Profil PROVINSI SULAWESI TENGAH (Central Sulawesi Province)

Sulawesi Tengah adalah sebuah provinsi di Indonesia yang beribukotakan Palu. Sulawesi Tengah berdiri sejak tanggal 13 April 1964.

SEJARAH

Wilayah provinsi Sulawesi Tengah sebelum jatuh ke tangan Pemerintahan Hindia Belanda merupakan sebuah Pemerintahan Kerajaan yang terdiri atas 15 kerajaan di bawah kepemimpinan para raja yang selanjutnya dalam sejarah Sulawesi Tengah dikenal dengan julukan Tujuh Kerajaan di Timur dan Delapan Kerajaan di Barat.

Semenjak tahun 1905, wilayah Sulawesi Tengah seluruhnya jatuh ke tangan Pemerintahan Hindia Belanda, dari Tujuh Kerajaan di Timur dan Delapan Kerajaan di Barat, kemudian oleh Pemerintah Hindia Belanda dijadikan Landschap-landschap atau Pusat-pusat Pemerintahan Hindia Belanda yang meliputi, antara lain:

1. Poso Lage di Poso
2. Lore di Wianga
3. Tojo di Ampana
4. Pulau Una-una di Una-una
5. Bungku di Bungku
6. Mori di Kolonodale
7. Banggai di Luwuk
8. Parigi di Parigi
9. Moutong di Tinombo
10. Tawaeli di Tawaeli
11. Banawa di Donggala
12. Palu di Palu
13. Sigi/Dolo di Biromaru
14. Kulawi di Kulawi
15. Tolitoli di Tolitoli

Dalam perkembangannya, ketika Pemerintahan Hindia Belanda jatuh dan sudah tidak berkuasa lagi di Sulawesi Tengah serta seluruh Indonesia, Pemerintah Pusat kemudian membagi wilayah Sulawesi Tengah menjadi 3 (tiga) bagian, yakni:

1. Sulawesi Tengah bagian Barat, meliputi wilayah Kabupaten Poso, Kabupaten Banggai dan Kabupaten Buol Tolitoli. Pembagian wilayah ini didasarkan pada Undang-undang Nomor 29 Tahun 1959, tentang pembentukan Daerah-daerah Tingkat II di Sulawesi.

2. Sulawesi Tengah bagian Tengah (Teluk Tomini), masuk Wilayah Karesidenan Sulawesi Utara di Manado. Pada tahun 1919, seluruh Wilayah Sulawesi Tengah masuk Wilayah Karesidenen Sulawesi Utara di Manado. Pada tahun 1940, Sulawesi Tengah dibagi menjadi 2 Afdeeling yaitu Afdeeling Donggala yang meliputi Tujuh Onder Afdeeling dan Lima Belas Swapraja.

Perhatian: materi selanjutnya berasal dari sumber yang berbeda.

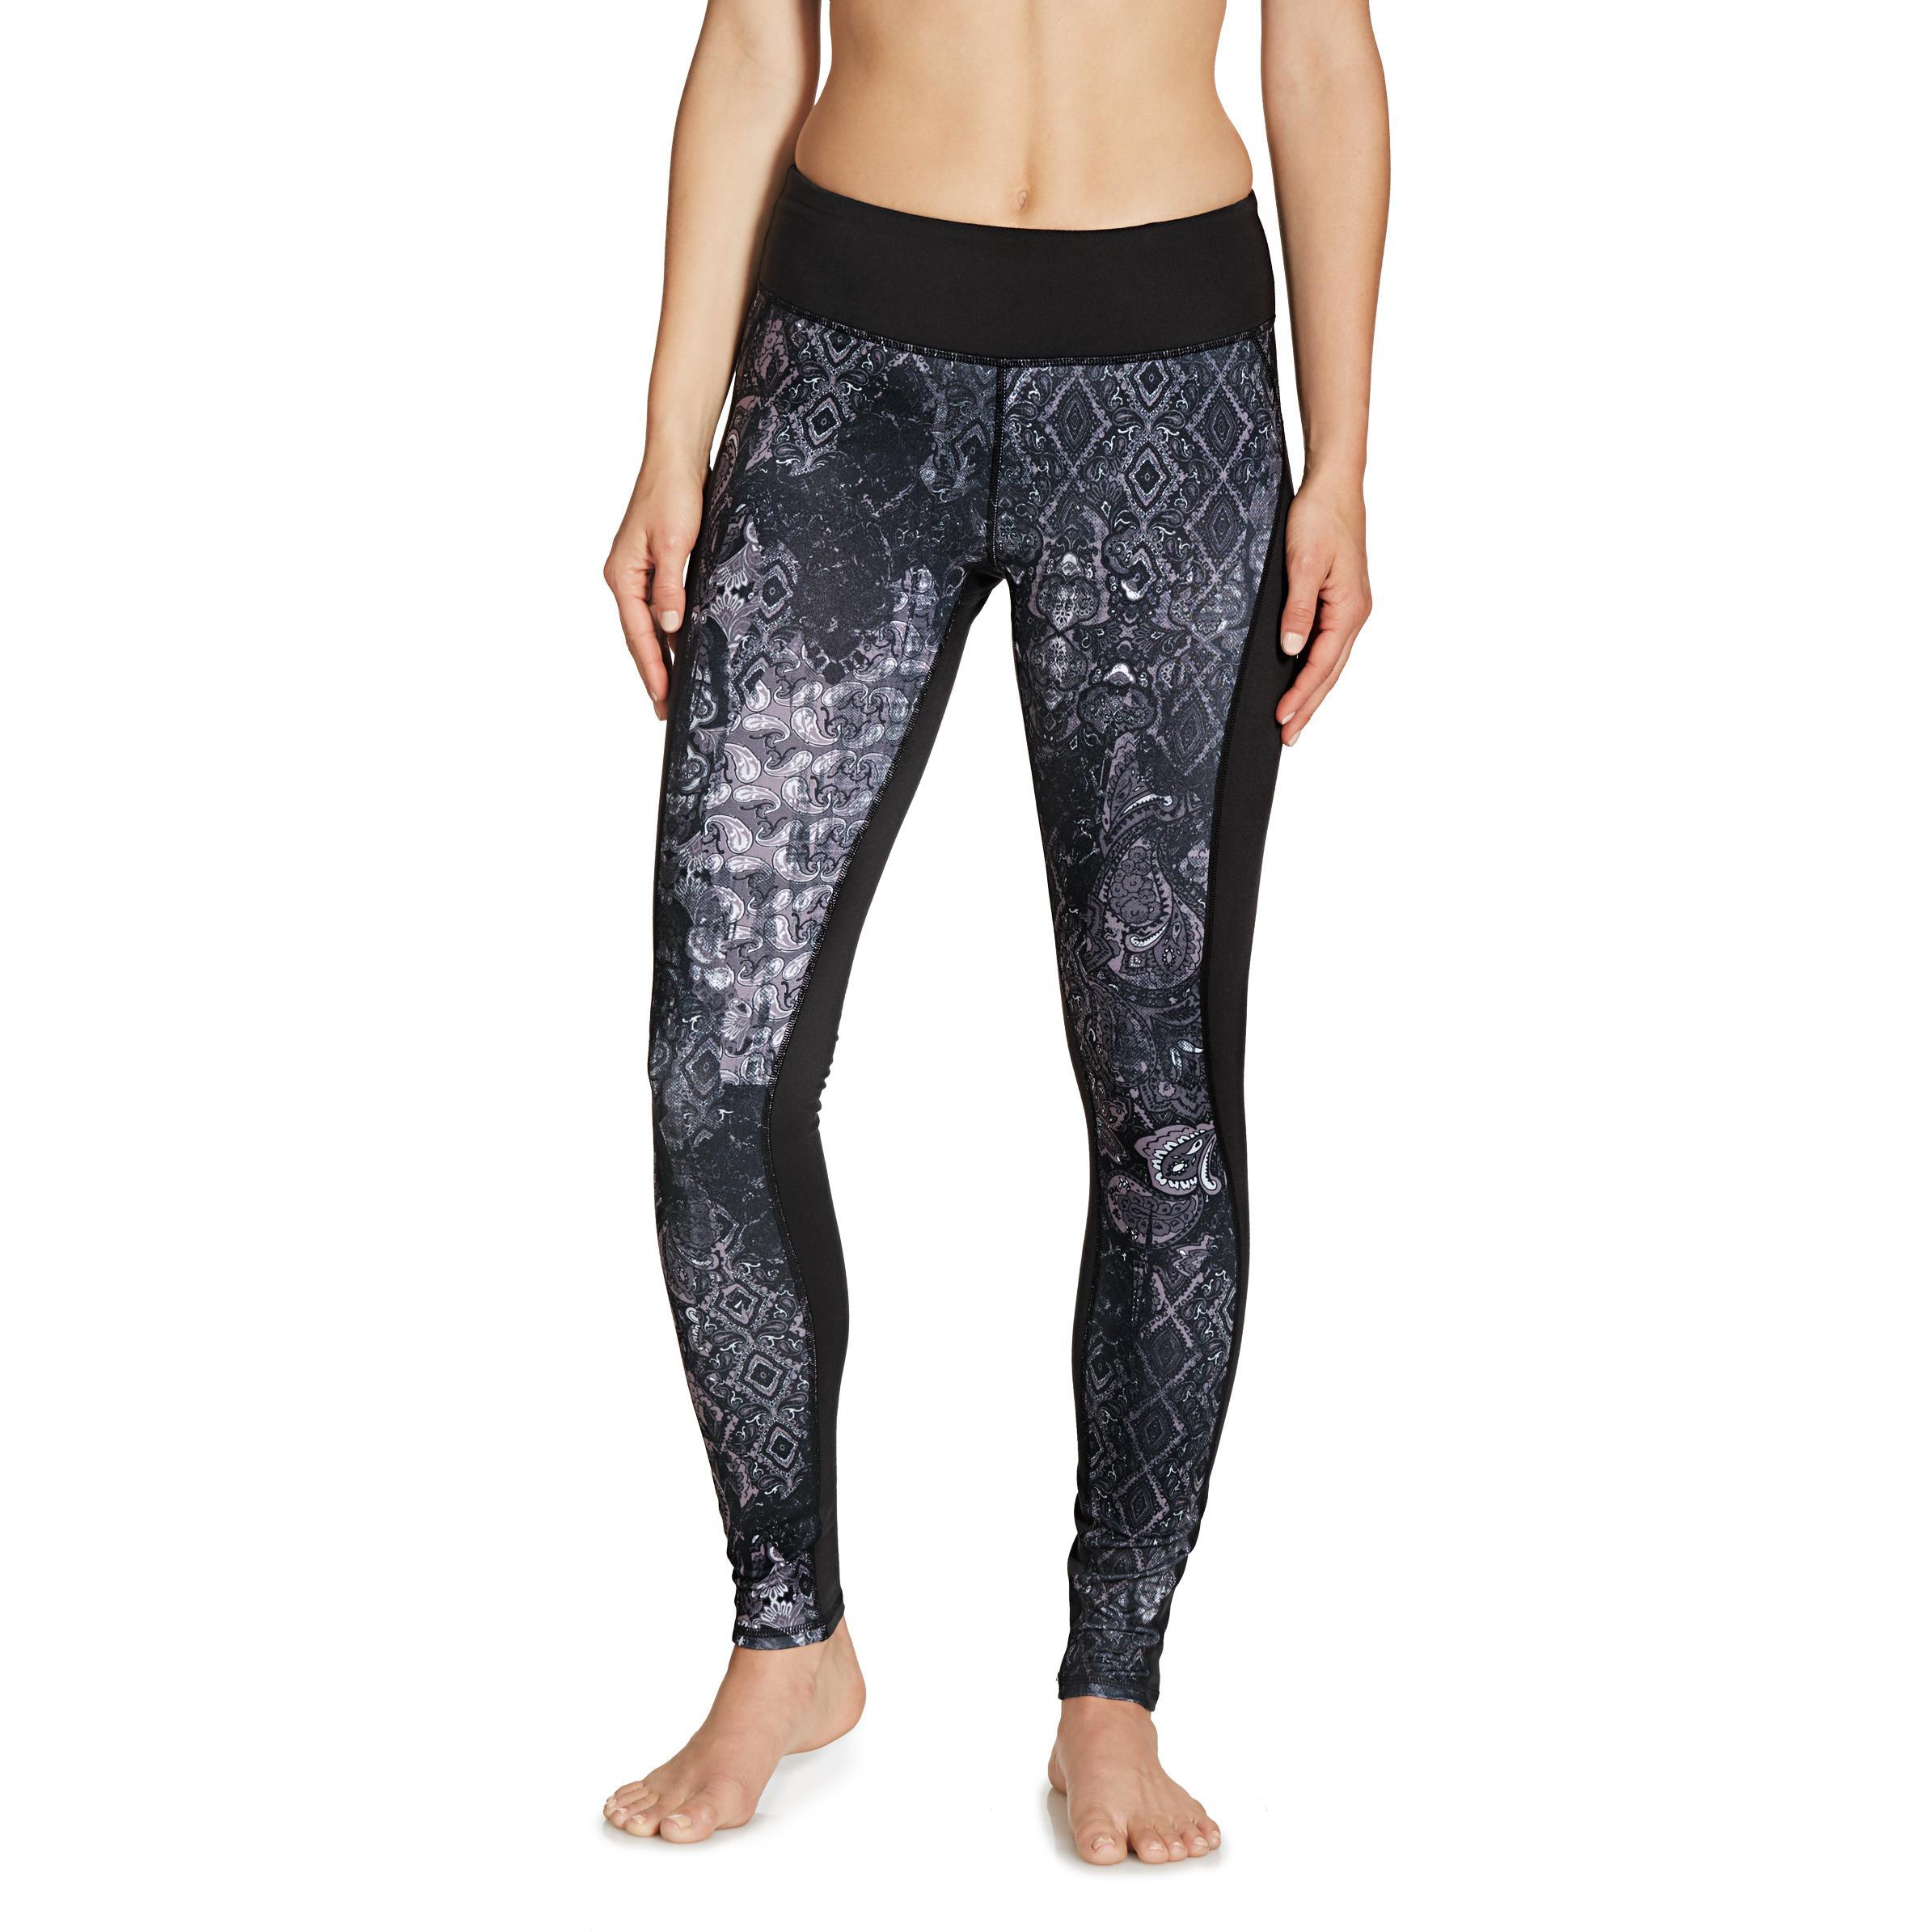 Amazon.com: Gaiam Apparel Womens Luxe Yoga Legging: Sports

3. Sulawesi Tengah bagian Timur (Teluk Tolo) masuk Wilayah Karesedenan Sulawesi Timur Bau-bau.

Tahun 1964 dengan Peraturan Pemerintah Pengganti Undang-undang Nomor 2 Tahun 1964 terbentuklah Daerah Tingkat I Sulawesi Tengah yang meliputi empat kabupaten yaitu Kabupaten Donggala, Kabupaten Poso, Kabupaten Banggai dan Kabupaten Buol Tolitoli. Selanjutnya Pemerintah Pusat menetapkan Propinsi Sulawesi Tengah sebagai Provinsi yang otonom berdiri sendiri yang ditetapkan dengan Undang-undang Nomor 13 Tahun 1964 tentang Pembentukan Provinsi Daerah Tingkat I Sulawesi Tengah dan selanjutnya tanggal pembentukan tersebut diperingati sebagai Hari Lahirnya Provinsi Sulawesi Tengah.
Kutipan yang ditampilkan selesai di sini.